60th President of Nicaragua
- In office January 10, 1997 – January 10, 2002
- Vice President: Enrique Bolaños Geyer (1997-2000); Leopoldo Navarro Bermúdez (2000-2002);
- Preceded by: Violeta Barrios de Chamorro
- Succeeded by: Enrique Bolaños Geyer

President of the National Assembly of Nicaragua
- In office January 10, 2002 – September 19, 2002
- Preceded by: Óscar Moncada
- Succeeded by: Jaime Cuadra Somarriba

Mayor of Managua
- In office April 26, 1990 – September 20, 1995
- Preceded by: Carlos Carrión Cruz
- Succeeded by: Roberto Cedeño

Personal details
- Born: José Arnoldo Alemán Lacayo January 23, 1946 (age 80) Managua, Nicaragua
- Party: Constitutionalist Liberal Party (until 2021)
- Spouse: María Fernanda Flores Lanzas
- Education: National Autonomous University of Nicaragua

= Arnoldo Alemán =

60th President of Nicaragua (1997-2002)

José Arnoldo Alemán Lacayo (born January 23, 1946) is a Nicaraguan politician who served as the 60th president of Nicaragua from January 10, 1997 to January 10, 2002. His tenure as president was marked by corruption and attempts to centralize power.

In 2003, he was convicted of corruption and sentenced to a 20-year prison term; the conviction was overturned by the Supreme Court of Nicaragua in 2009. Following his predecessor Violeta Chamorro's death, Alemán is the only living former President of Nicaragua.

==Early life==
Alemán was born in Managua and received his early education at the La Salle institute in Managua. His father was a prominent lawyer who was an associate of the 1970s Nicaraguan dictator Anastasio Somoza Debayle and served as Somoza's minister of education for a period, and the family owned a large coffee plantation south of Managua.

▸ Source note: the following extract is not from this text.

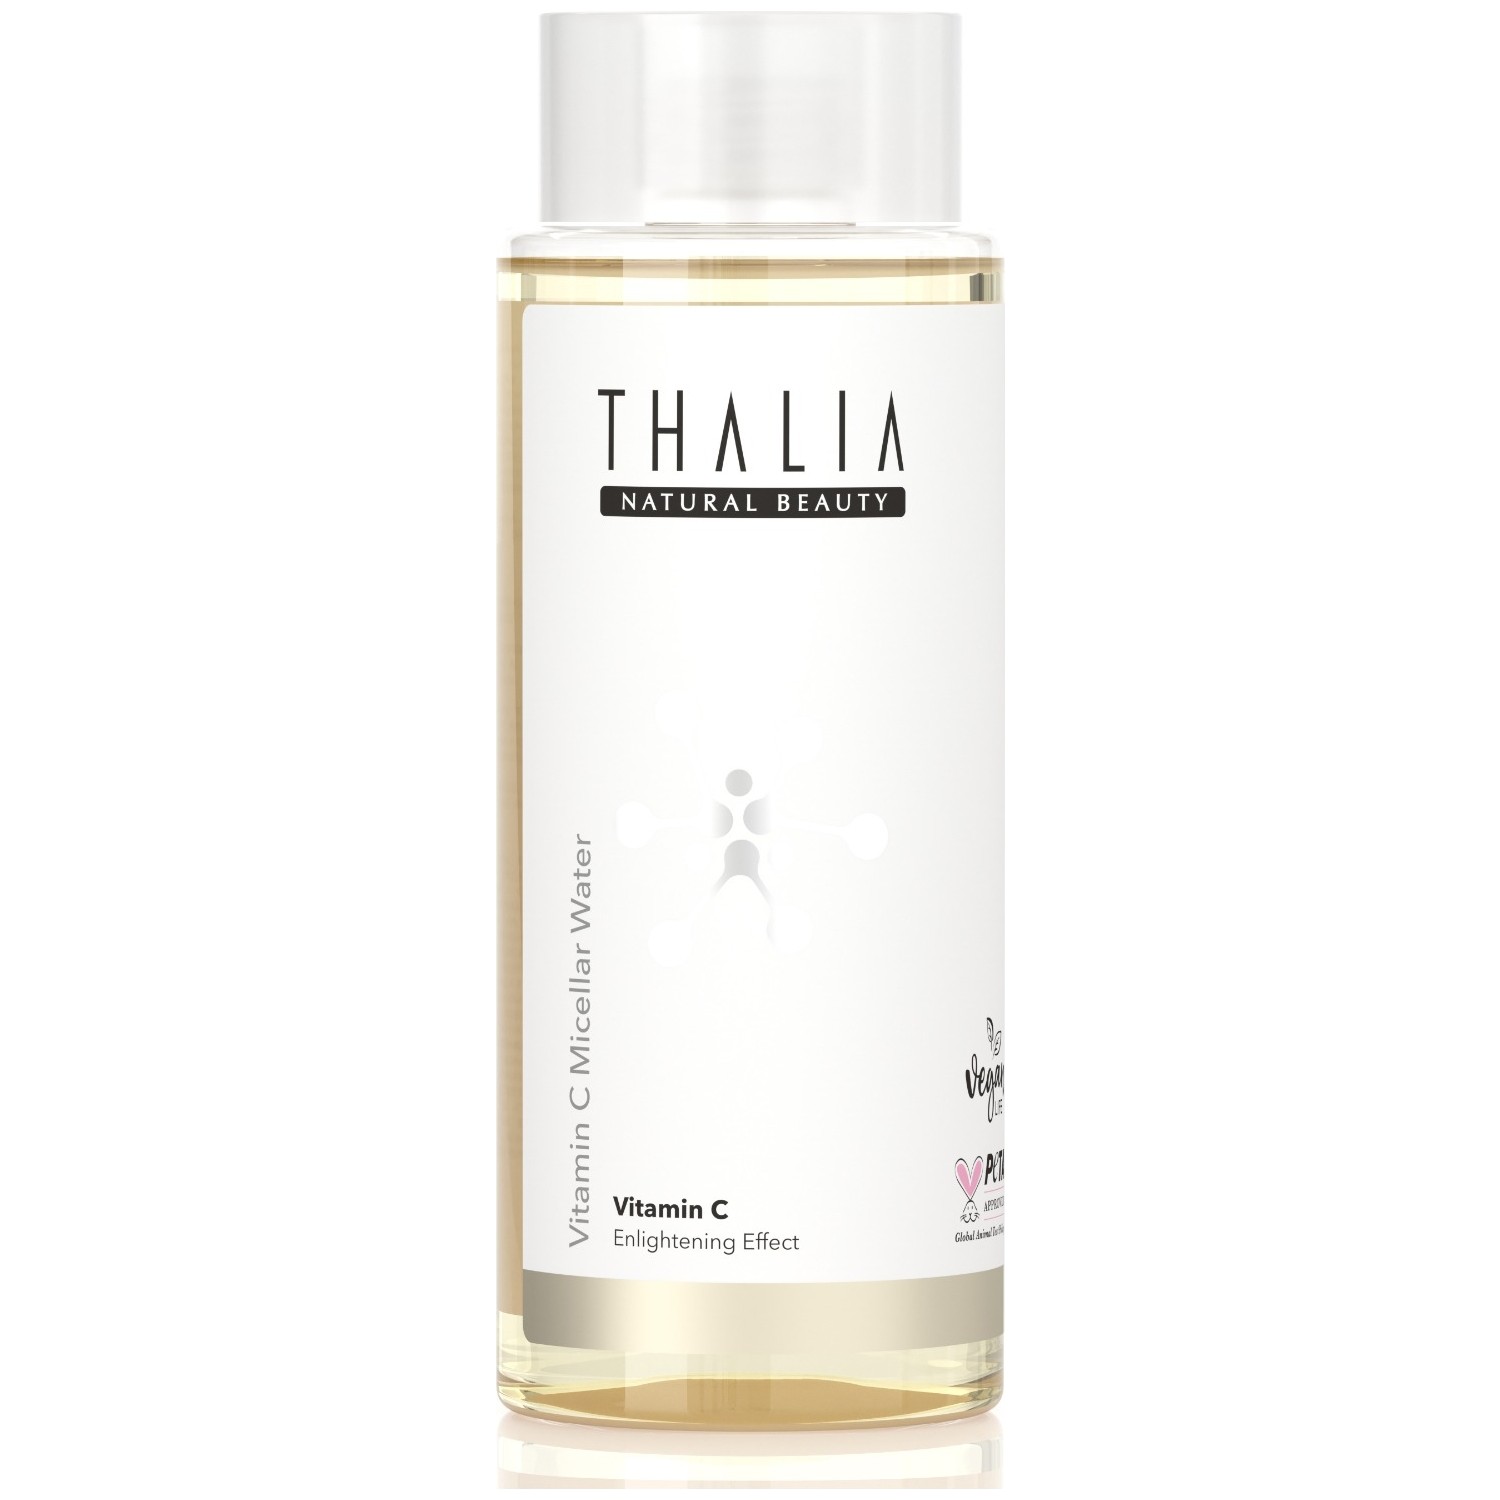 Мицеллярная очищающая вода Thalia Brightening для кожи, 300 мл средства для снятия макияжа pekah мицеллярная вода очищающая с экстрактом центеллы азиатской

In 1967 he graduated with a law degree from the Universidad Nacional Autónoma de Nicaragua-León with specializations in regional economic integration and financial law. Between 1968 and 1979, he worked as a lawyer in the commercial and banking world. He became an official in the government of Anastasio Somoza Debayle. In 1980 he was arrested by the Sandinista junta, had some of his property seized and spent nine months in prison. The period of his arrest coincided with the death of his father. This kept him from attending his father's funeral. After he was released from prison, he spent some time in the United States.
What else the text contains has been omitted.